Miller v. Blinebury

21 Wis. 676 | Wis. | 1867

Cole, J.

It appears to us that the first two instructions asked by the defendant below were pertinent, and should have been given. They are, in substance and effect, that if the jury believed from the evidence that the mortgagor, Goodrich, *677did not deliver the chattel mortgage to Lemley for the use and benefit of the plaintiffs, and unless Lemley accepted and received the mortgage for them, and gave it to the town clerk to be filed, the instrument was void as to the creditors of Goodrich. It is an admitted fact in the case, that the mortgagees were not present when the chattel mortgage was executed by Goodrich, and there is certainly considerable evidence to show that Goodrich executed the mortgage without the knowledge of the plaintiffs, and himself employed Lemley to take it and place it on file.

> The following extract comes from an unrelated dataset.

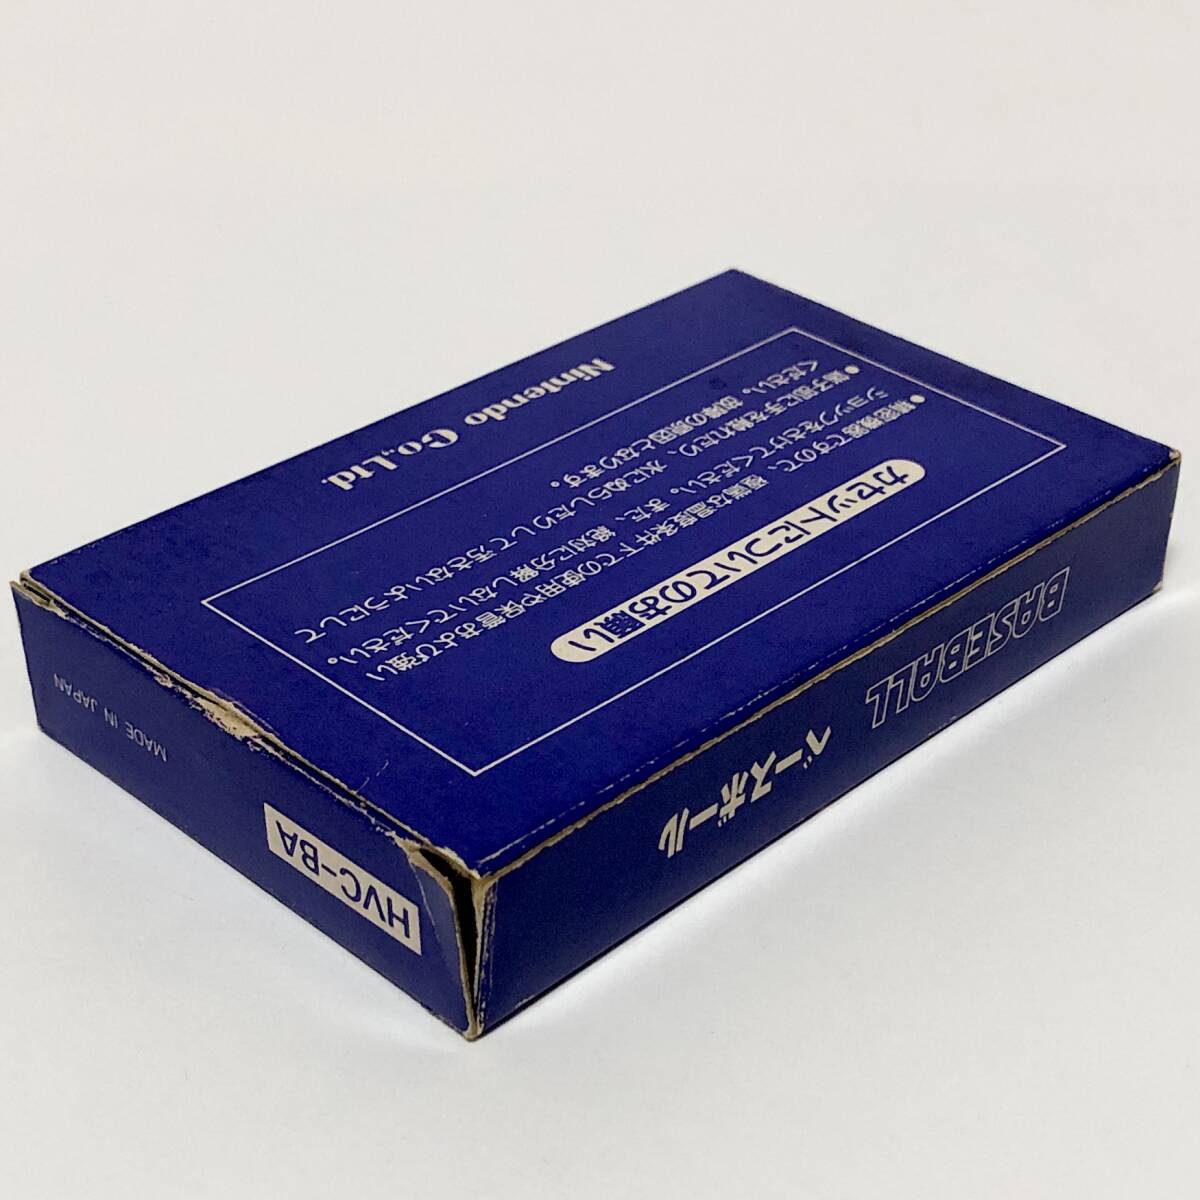 ファミコン ベースボール 小箱版 箱説付き 痛みあり 操作法早見図付き Nintendo Famicom Baseball Small Box Version CIB Testedの画像6

Now, suppose the jury had been satisfied from the testimony that Goodrich himself gave the mortgage to Lemley, not for the use and benefit of the mortgagees, but really intending to retain control of the instrument: then it is very evident that the instrument never became operative, there not being any unconditional delivery of it by the mortgagor. The question whether there had been a proper delivery of the mortgage was one of the issues in the cause. It was claimed by the plaintiffs in the attachment suit, that Goodrich made the mortgage and placed it on file in the absence of and without the knowledge of the plaintiffs, and that Lemley acted all through the matter as his agent and not on behalf of the mortgagees. And Lemley himself states in his testimony, in substance, that he received the mortgage and placed it on file merely to accommodate Goodrich, and for no other reason, and did not consider himself as acting as agent for the plaintiffs sat the time. This was his understanding of the character of his agency. If Goodrich placed the mortgage in his hands, not for the use and benefit of the plaintiffs but merely to have him place it on file for his own use, then it is evident there was no sufficient delivery of the instrument. McCourt v. Myers, 8 Wis., 236; Welch v. Sackett, 12 id., 243. Without expressing any opinion upon the other points made by counsel, it appears to us there must be a new trial on account of the refusal of the circuit court to give the two instructions above referred to.

*678By the Court. — Judgment reversed, and a venire de novo awarded.